Bank of New York Mellon Corp., which has said since its formation that it wants to expand internationally, announced Tuesday it is acquiring a Brazilian asset manager, Arx Capital Management.
Arx, of Rio de Janeiro, specializes in multistrategy, long-short, and long-only investment strategies. Buying it would boost BNY Mellon Asset Management Brasil's assets under management by $2.6 billion, to $28.6 billion.
Jon Little, the vice chairman of BNY Mellon Asset Management, said he wants to grow internationally, with a focus on markets such as Brazil, China, and India.
"I think the last few years have been a good test, as these markets went from boom to bust and the economic cycle is ready to slow down there, with deregulation and better economic management," he said in an interview Tuesday. "These are core markets, and as the middle class and the high-net-worth grow, the demand for individual investment management is growing. These are high-growth markets."
According to the Investment Company Institute, Brazil's asset management industry is the 10th largest in the world, and over the last five years has grown 27% annually. Mr. Little said Brazil is moving from traditional fixed-income strategies to equity and alternative investment products.
Mellon Financial Corp. of Pittsburgh, which merged with Bank of New York Co. Inc. in July, had been in Brazil for 10 years. BNY Mellon Asset Management Brasil focuses on fixed income, hedge funds, and long-only equity funds.
Mr. Little said Bank of New York Mellon has grown more comfortable with the market, especially as Brazil's economy has improved.
"Brazil is a big country with a big population that for a long time just had too many issues, including high inflation, high debt, and a poor business environment," he said. "But a lot has changed." BNY Mellon Brasil "has gone from a loss-marking business to a successful and profitable business that compares well with any of our businesses elsewhere in the world."
Mr. Little said Brazil has become more attractive as other global markets have suffered and as Brazilians have begun to invest domestically. "They are coming back," he said. "And we are seeing growth of family offices and investment managers in Brazil."
Analysts said large trust companies have spent the past couple of years looking to expand internationally.
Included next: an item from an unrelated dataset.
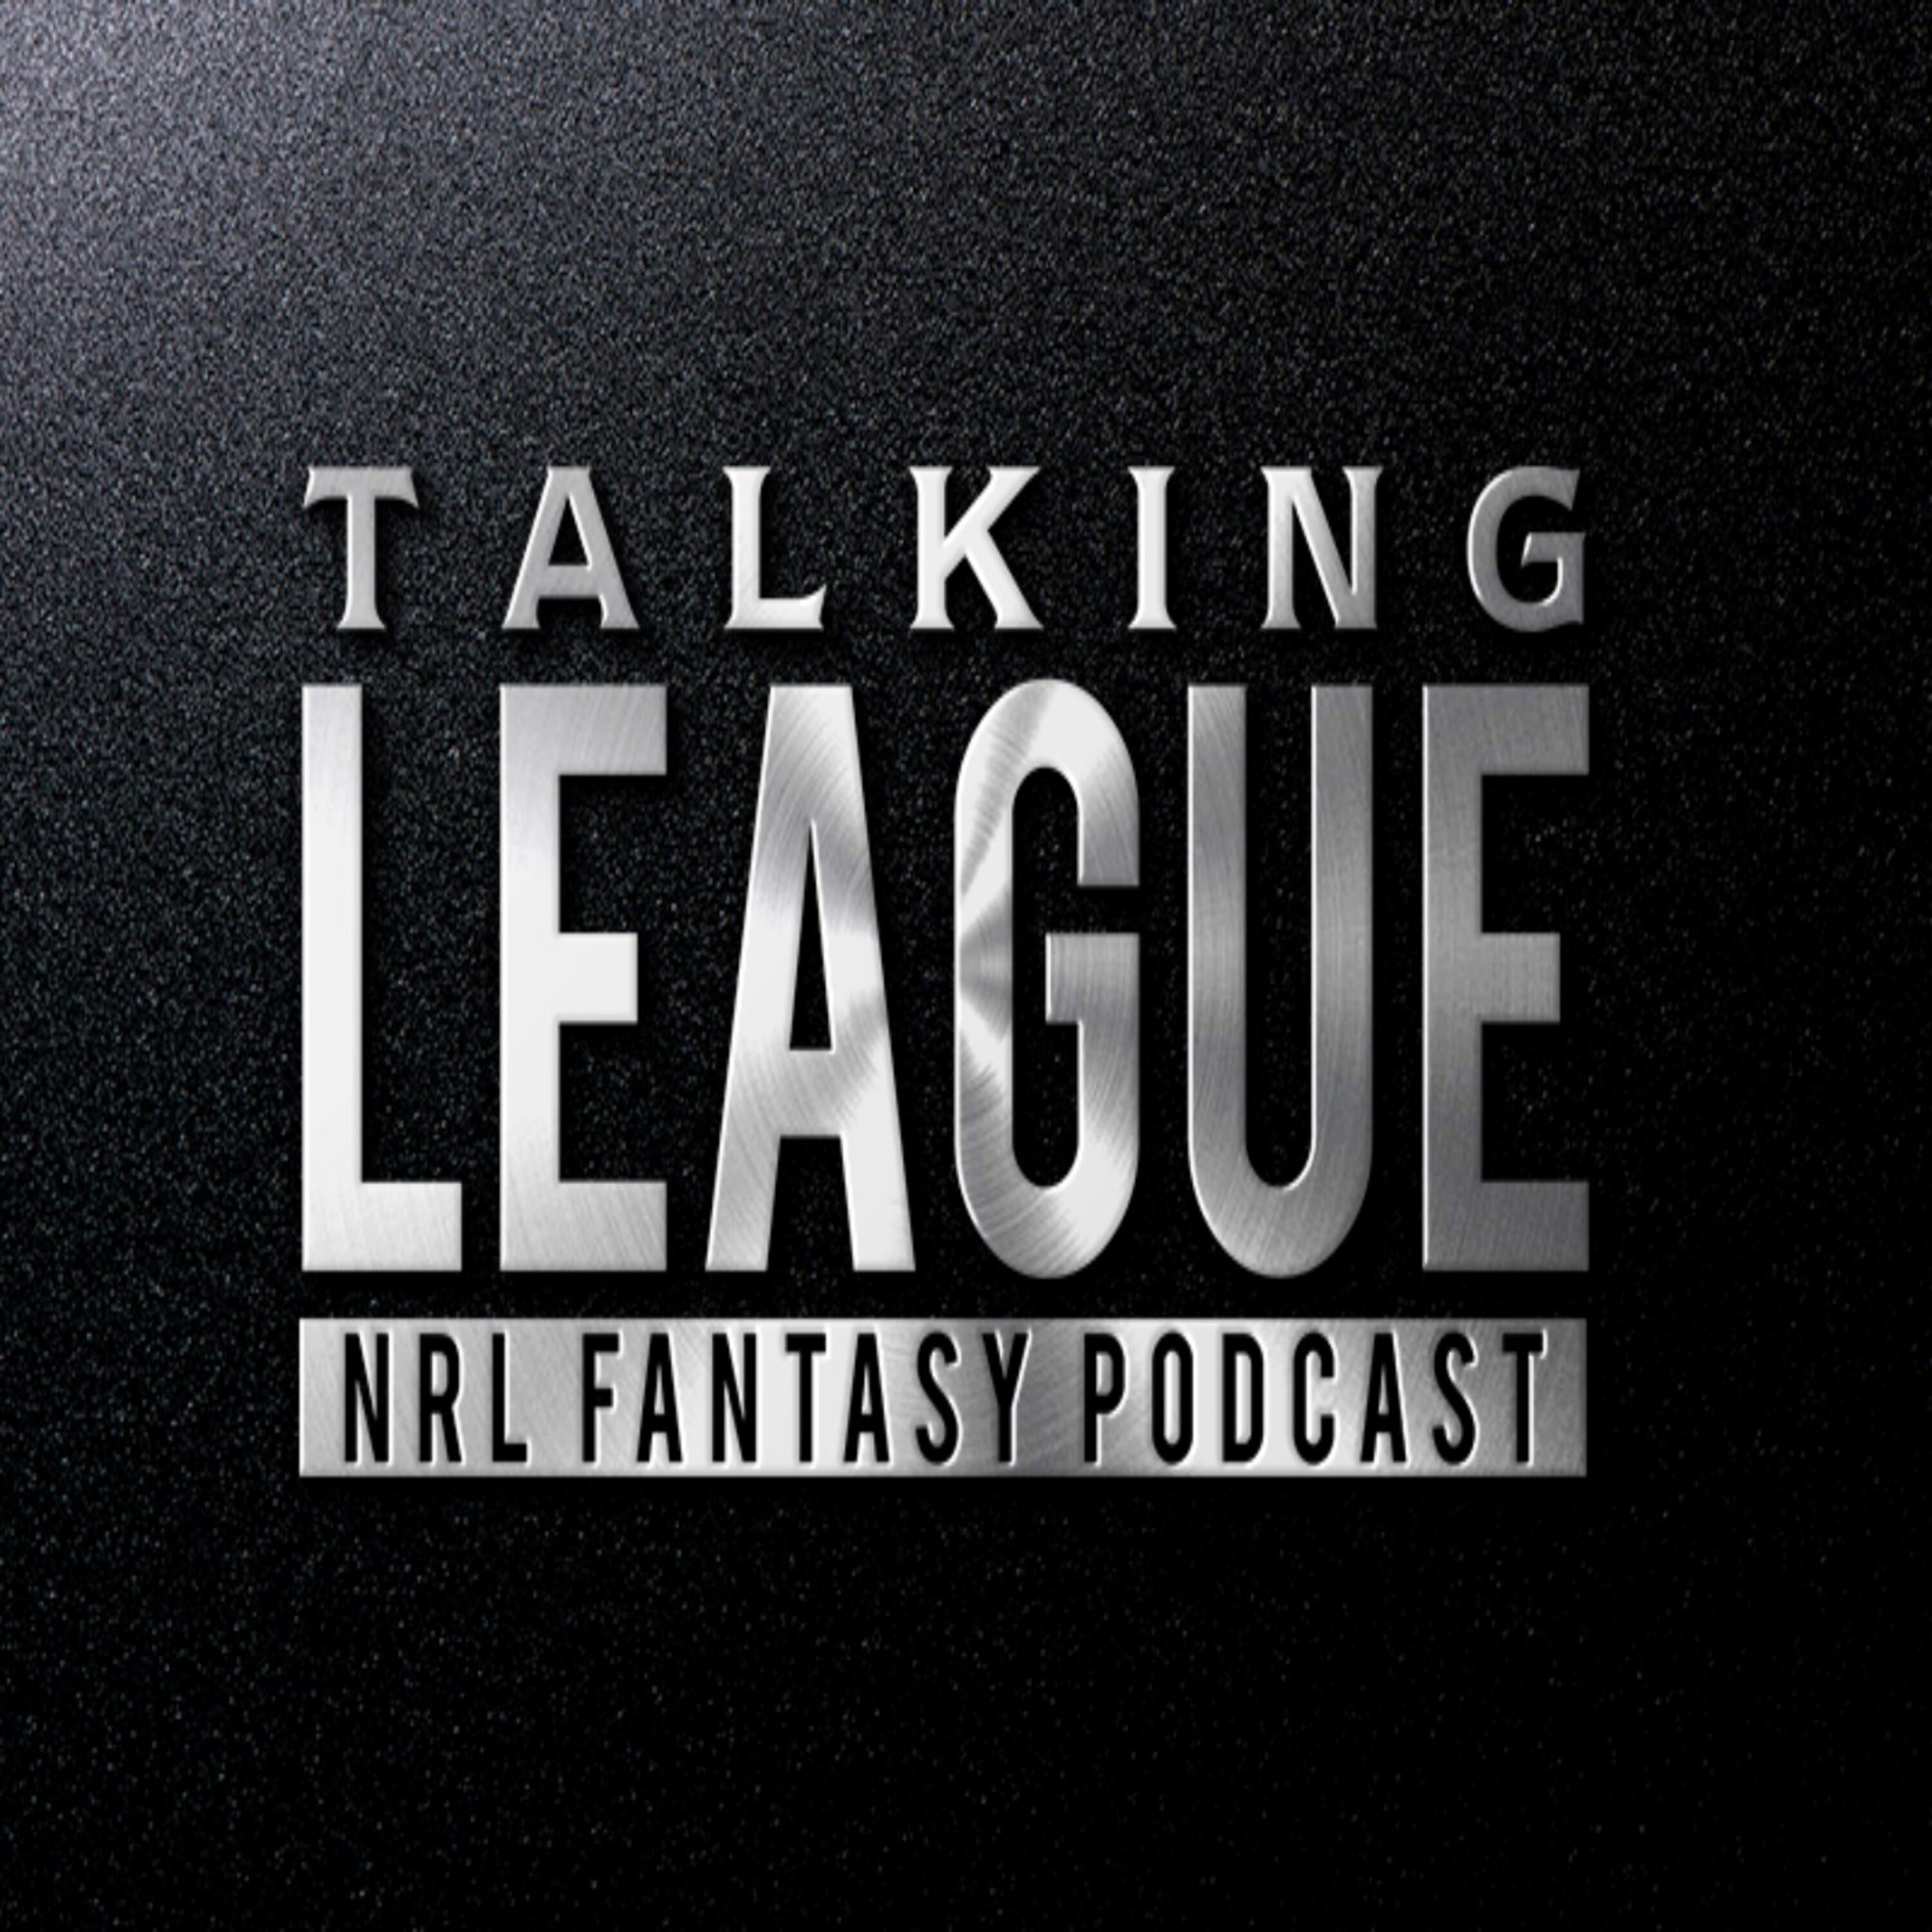 Team reveal with Jamie Brown from NRL Fantasy Analysis

Since July, Bank of New York Mellon executives have said its international business could generate half its revenue and earnings in five to 10 years, versus about 25% currently. State Street Corp. has set a similar goal.
Mr. Little said Bank of New York Mellon is generally not interested in being the first company in a market. "We like to be careful," he said. "We want to fund the right kind of deal. We are interested in buying something that has been in existence for a number of years."
Mr. Little said Arx is a good example of the kind of business that appeals to BNY Mellon. Arx and BNY Mellon Brasil have worked together for years. Arx manages 20 equity and hedge funds and BNY Mellon DTVM Brasil — BNY Mellon's fund processing unit in Brazil — has been the administrator for most of the funds since Arx launched in 2001.
Arx is to be integrated with BNY Mellon Asset Management Brasil, and the combined business will become one of the largest asset managers in the country. The deal is scheduled to close next quarter and is expected to be accretive to earnings in the first year. The price was not disclosed.
Mr. Little said South America and Latin America remain attractive markets for Bank of New York Mellon, but it wants to see how things develop before it makes another acquisition deal.
"Brazil is the biggest economy in the region, but we just haven't determined what the financial center is going to be in the region yet," he said. "It might be Buenos Aires, Santiago, Sao Paolo, or Rio de Janeiro. We can do everything we want to do in Latin America from Brazil. I think we'll just wait and see from here."